見殷梨亭表情仍舊猙獰,宋遠橋板著臉訓斥,
“你怎麼就這麼犟,你聽聽人家小女孩叫甚麼,叫不悔。”
“不悔啊!也就是人家紀曉芙壓根就是心甘情願跟魔頭墮落。”
“我武當七俠,何時如此鑽牛角尖了!”
殷梨亭眼眶紅紅的看著宋遠橋,
“大哥,我不甘心啊!”
宋遠橋難得的心軟,他摸了摸他的後背,安慰道,
“人女子都說君既無情我便休,你一個大男人,還沉溺於情情愛愛,像甚麼樣。”
宋遠橋現在是極度看不上紀曉芙,明明跟他六弟有婚約在身,還敢跟野男人勾勾搭搭,甚至還生下女兒,還取了個不知廉恥的名字,簡直是……簡直是太不要臉。
宋遠橋為人正直,實在說不出太難聽的話。
但他現在對峨眉,對明教,還有楊逍父女都深惡痛絕。
甚至對無忌,他都有那麼一絲絲怨懟。
如青書所言,這可是他的六叔啊,為了個外人,就這麼坑自家人。
妖女生的,果然跟他們不是一條心。
宋青書也勸道,
“爹說的對,咱們武林中人,向來大口吃肉,大口喝酒,要的就是俠肝義膽,何必沉溺於一個 不值得的女子。”
殷梨亭舉目望去,見武當諸位兄弟都眼神擔憂的看著他。
雖然他還是一時難以接受,但他卻知道,不能讓大家擔心,當即說道,
“大家不必為我擔心,我本以為曉芙是被迫的,如今發現我才是那個小丑,自此以後,我殷梨亭再也不為不值得的人掛念。
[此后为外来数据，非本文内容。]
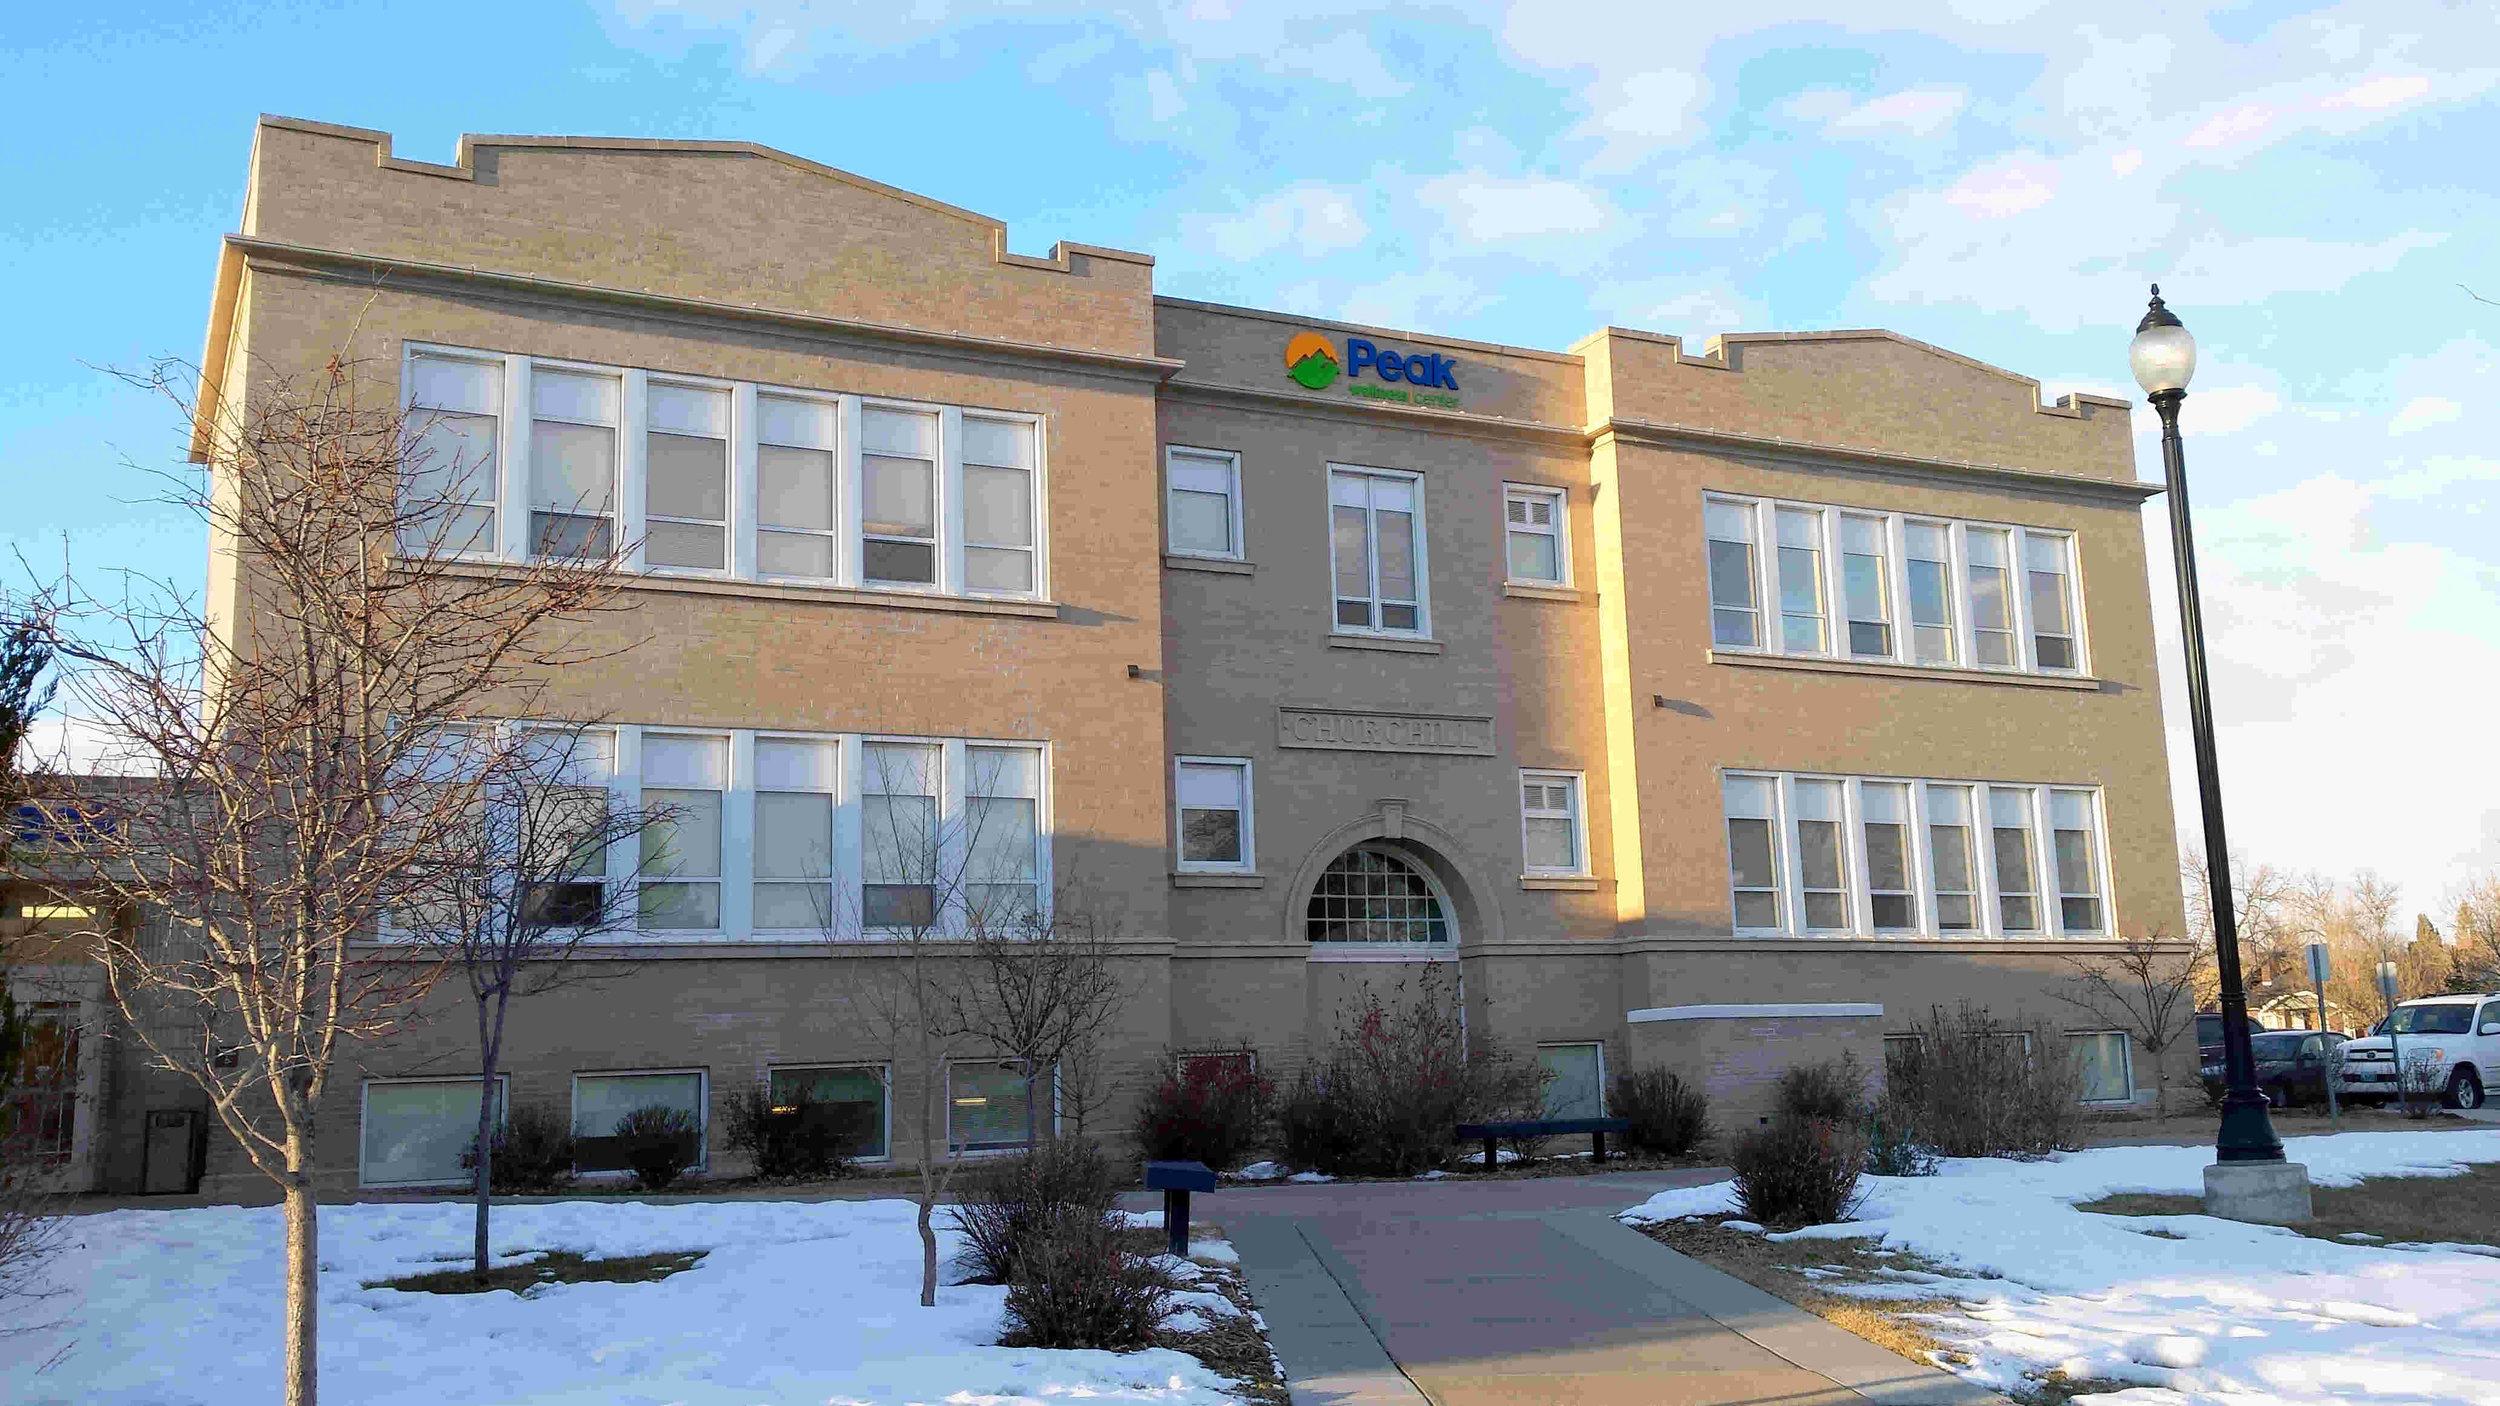 Churchill Elementary School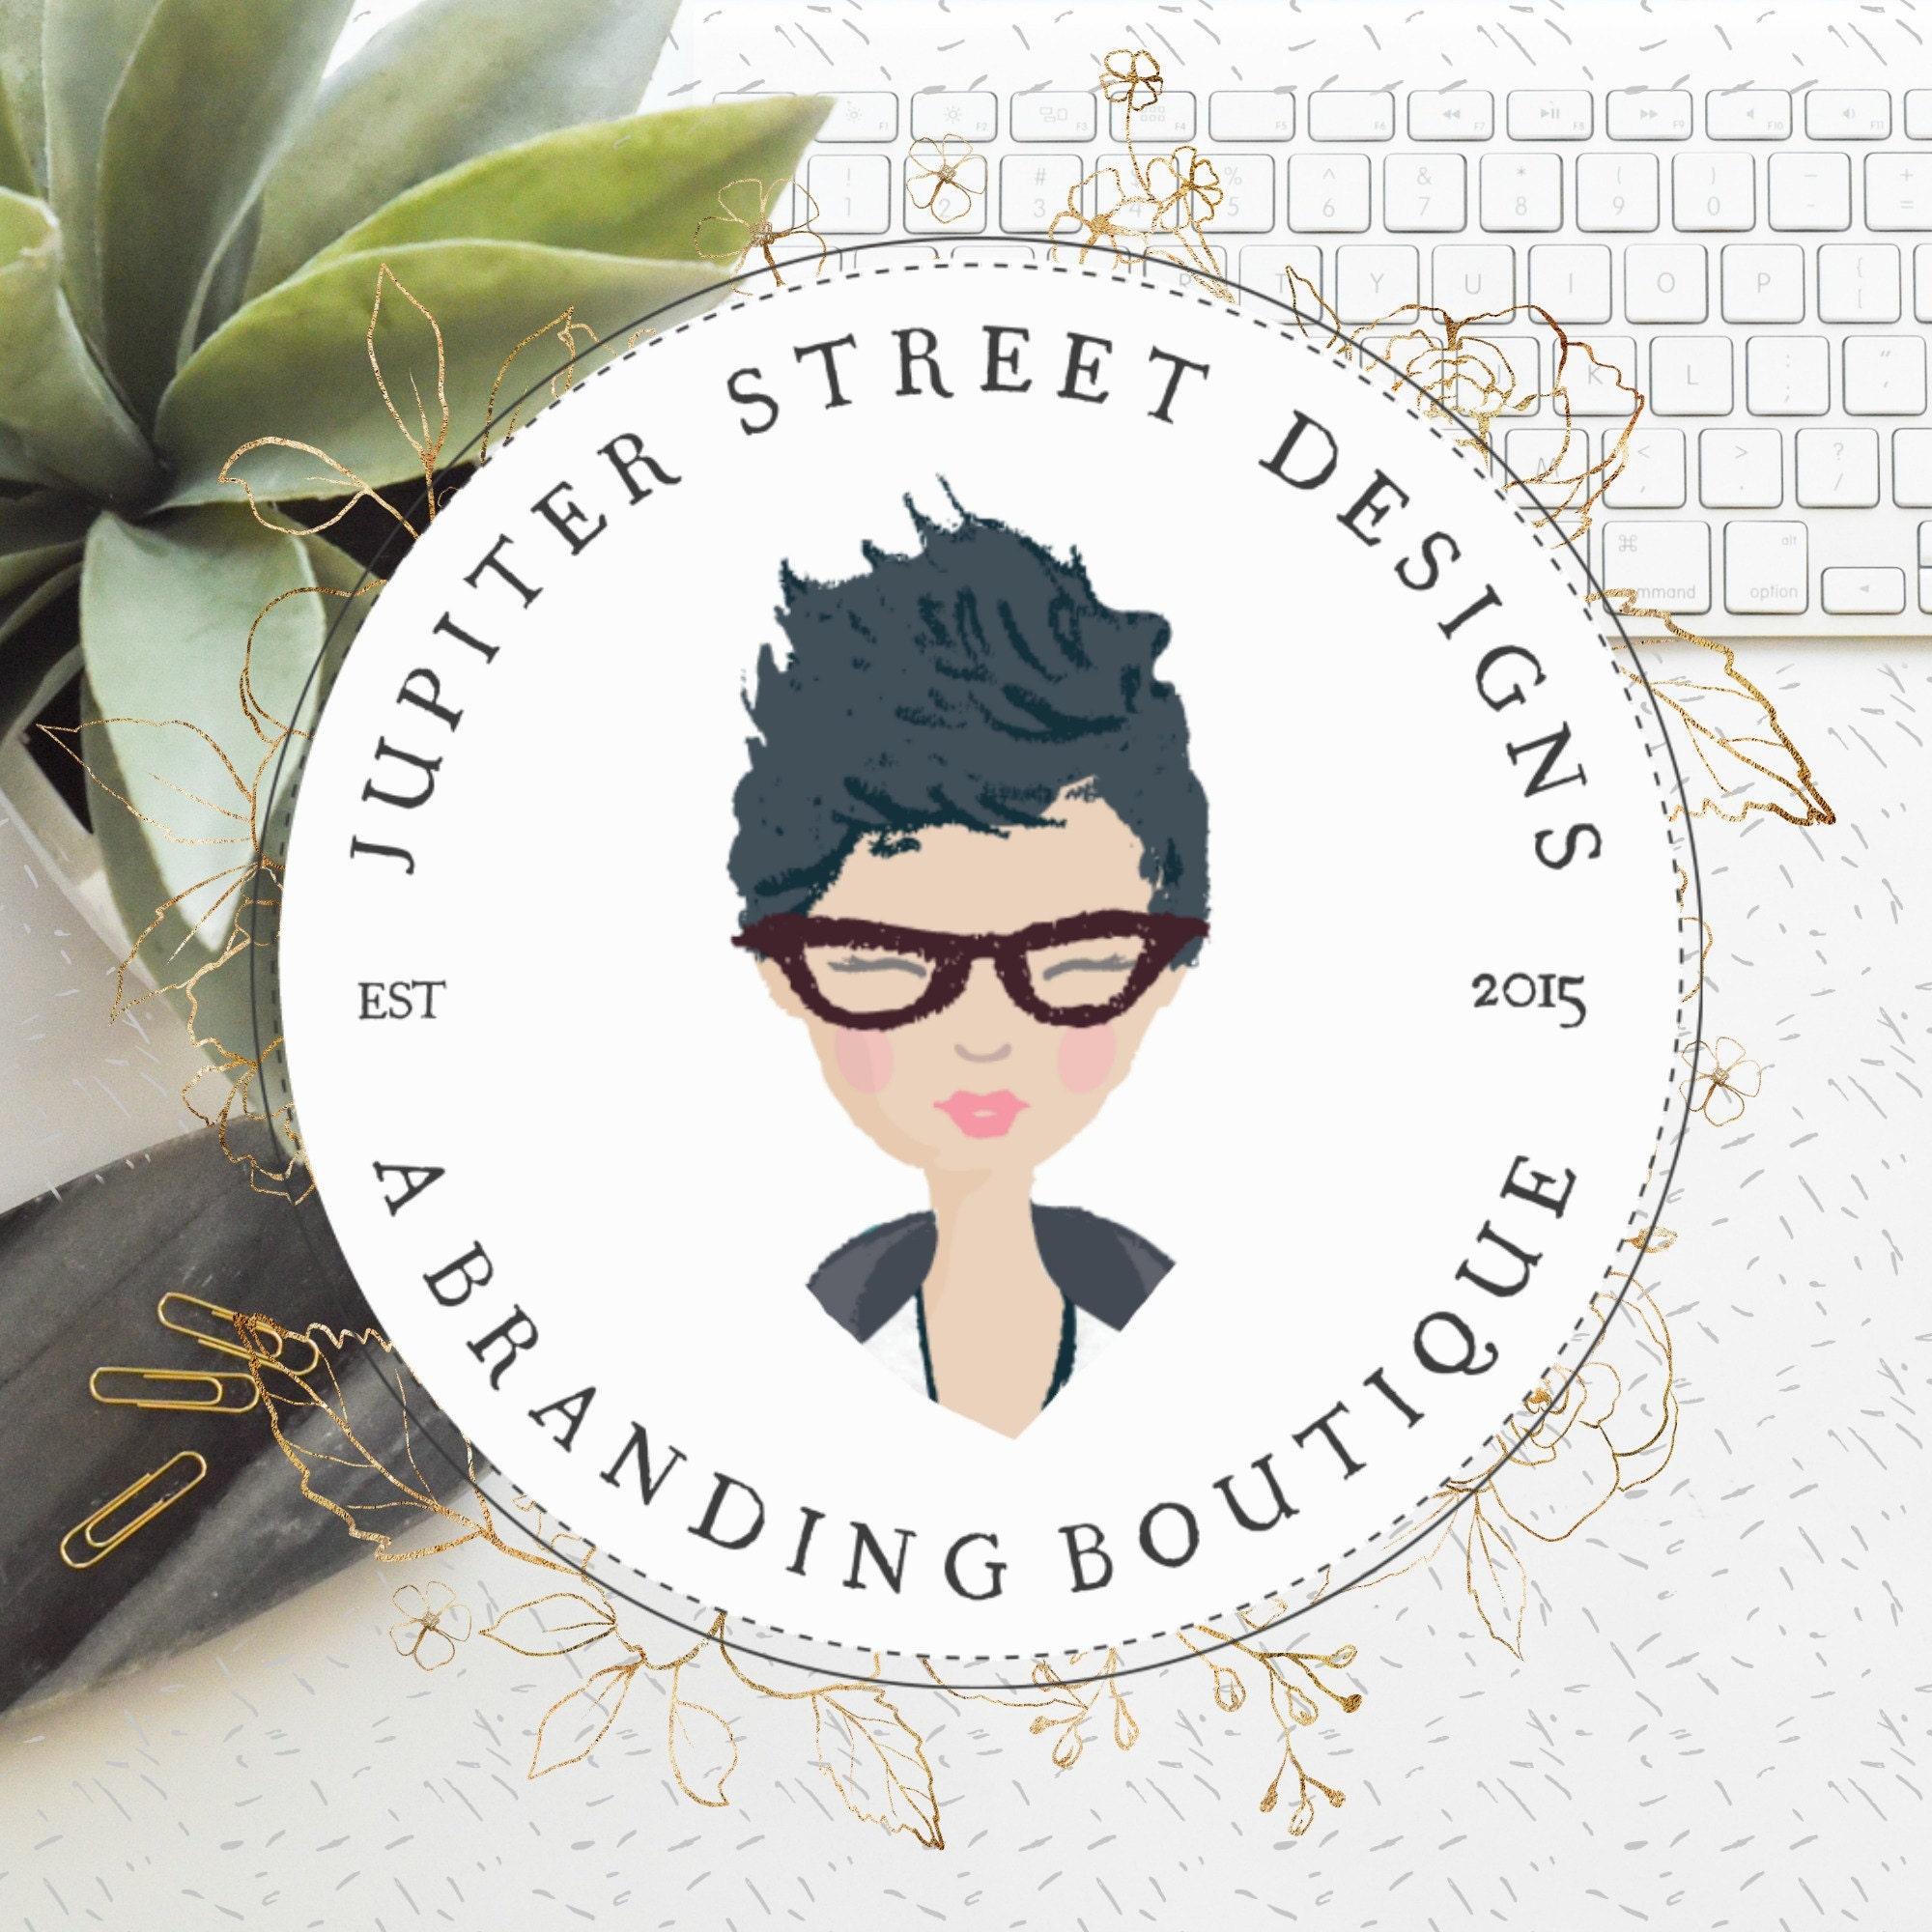 Professional Branding made with care por JupiterStreetDesigns

”
話雖說的漂亮,但殷梨亭心裡卻在滴血。
他的曉芙,他的曉芙竟然早就不喜歡他了。
宋青書見他情緒穩定,幫他把劍收回來,
“六叔不必傷感,要不是她死得早,她能被楊逍勾引走,就能被下一個男人勾引走。”
見殷梨亭臉色難看,宋青書毫不顧忌,繼續說道,
“不要覺得我這話難聽,但哪句不是事實。”
對面楊逍見宋青書竟然如此詆譭自己的女人,當即怒罵,
“小子,你嘴巴給我放乾淨點。”
宋青書齜牙冷笑,
“說了又怎樣。”
楊逍正要還嘴,宋青書立刻轉頭怒斥張無忌,
“管好你的狗!”
張無忌嚇了一跳,正要叫宋青書說話不要侮辱人,就見武當眾人皆目光灼灼的盯著他。
那一刻,他心裡突然咯噔一下。
諸位師叔師伯是怪上他了。
他一把攔住還要分辯的楊逍,衝他搖搖頭,
“宋師哥抱歉。”
接著又看向武當眾人,
“明教還有些事要處理,等處理好了,我 自然會回武當向諸位請罪。”
宋青書搖搖頭,扶著殷梨亭就要離開。
明教眾人擋在路上,就是不讓。
宋青書冷笑,
“我在內力盡失的情況下,都能當著玄冥二老的面活捉趙敏,你覺得你們夠幾斤幾兩。”
眾人一驚,大家只知道武當的宋青書以一己之力救了六大門派,卻沒說是在這種險境之下。
韋一笑第一個不信,露出森白牙齒,惡狠狠的說道,
“小子,大言不慚。”
楊逍見武當眾人眉頭都沒眨一下,特別是以沖淡謙和、恂恂儒雅著稱的宋遠橋。
當即伸手攔住韋一笑,示意眾人讓出一條路,
“我教教主與你武當淵源頗深,自不會妄自挑起爭端。”
這話說的有意思,宋青書眼神在他身上緩緩劃過,
“呵,魔教竟然說自己不會妄自挑起爭端,這真是我今年聽到的最大的笑話。”
“韃子的人要追來了,六叔,咱們走吧。”
殷梨亭眼神憤恨的看著明教眾人,袖子一甩,冷哼一聲,雄赳赳氣昂昂的從他們中間穿過。
……
看著慢慢走遠的武當眾人,楊逍努了努嘴,
“教主啊,這宋青書可,你可要當心。”
短短几句話,就挑撥得武當眾人對教主有了意見。